__EXERCISE PROMPT__
Find the line below with "Top Criminal Lawyer Brampton" and the line with "Beach Beachfront Dining". Output exactly those lines and everything between them, leaving out the pictures.

__DATASET RECORDS__
◇ ◇ ◇ ◇ ◇ ◇ ◇

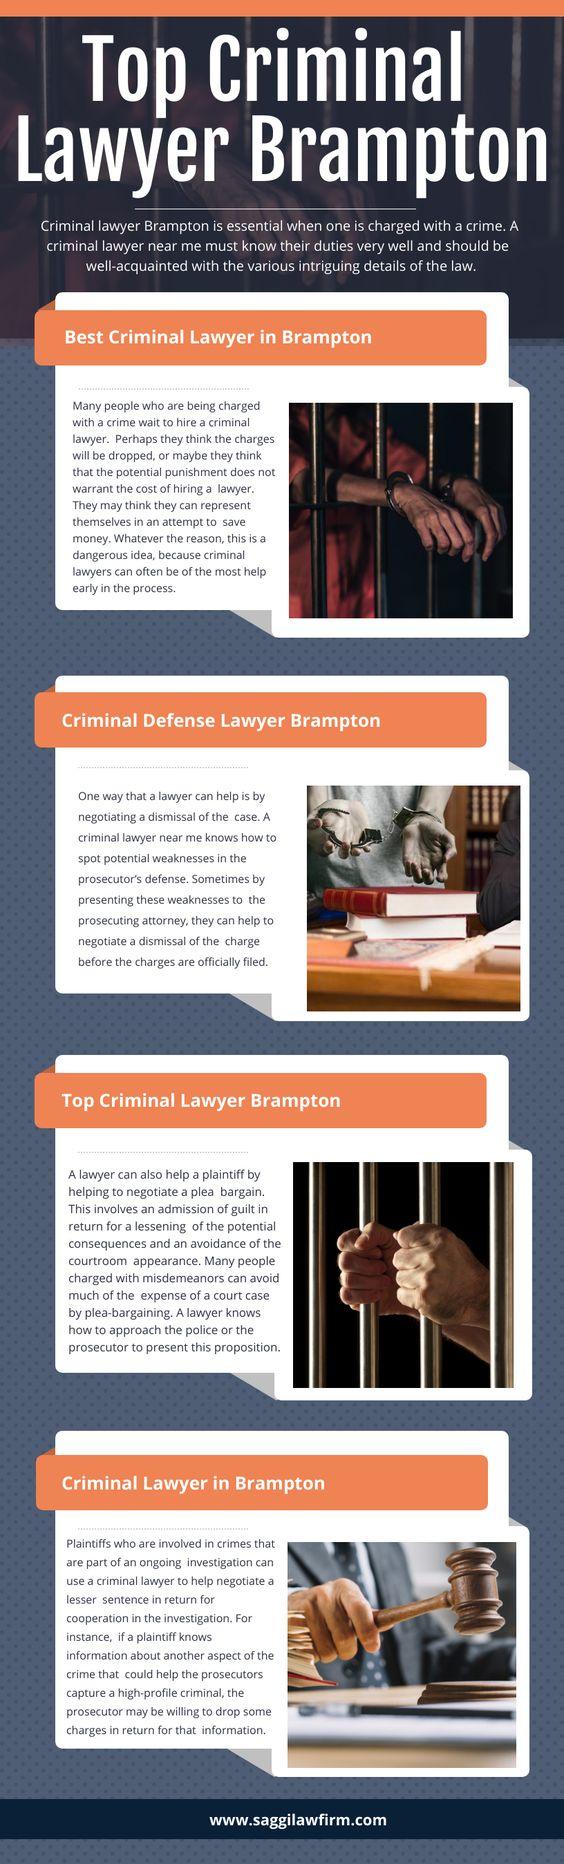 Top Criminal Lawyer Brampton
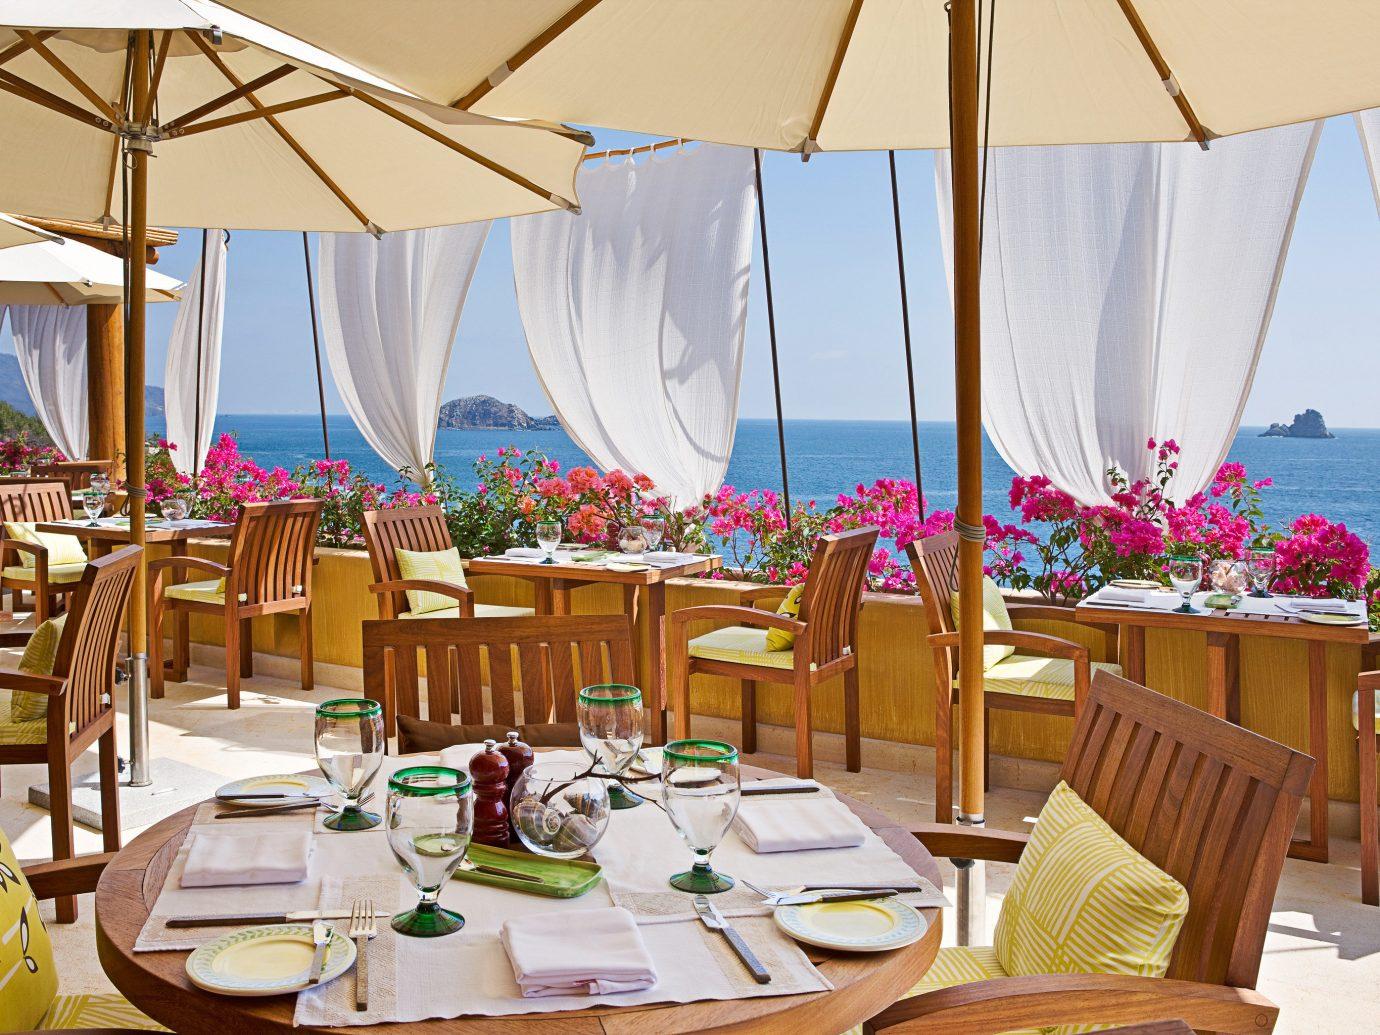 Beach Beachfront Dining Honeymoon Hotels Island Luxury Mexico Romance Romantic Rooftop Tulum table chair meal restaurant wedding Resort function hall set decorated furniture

◇ ◇ ◇ ◇ ◇ ◇ ◇

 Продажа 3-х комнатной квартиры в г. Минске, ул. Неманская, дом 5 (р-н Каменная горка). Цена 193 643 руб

◇ ◇ ◇ ◇ ◇ ◇ ◇

__RESPONSE TO THE EXERCISE__
 Top Criminal Lawyer Brampton
 Beach Beachfront Dining Honeymoon Hotels Island Luxury Mexico Romance Romantic Rooftop Tulum table chair meal restaurant wedding Resort function hall set decorated furniture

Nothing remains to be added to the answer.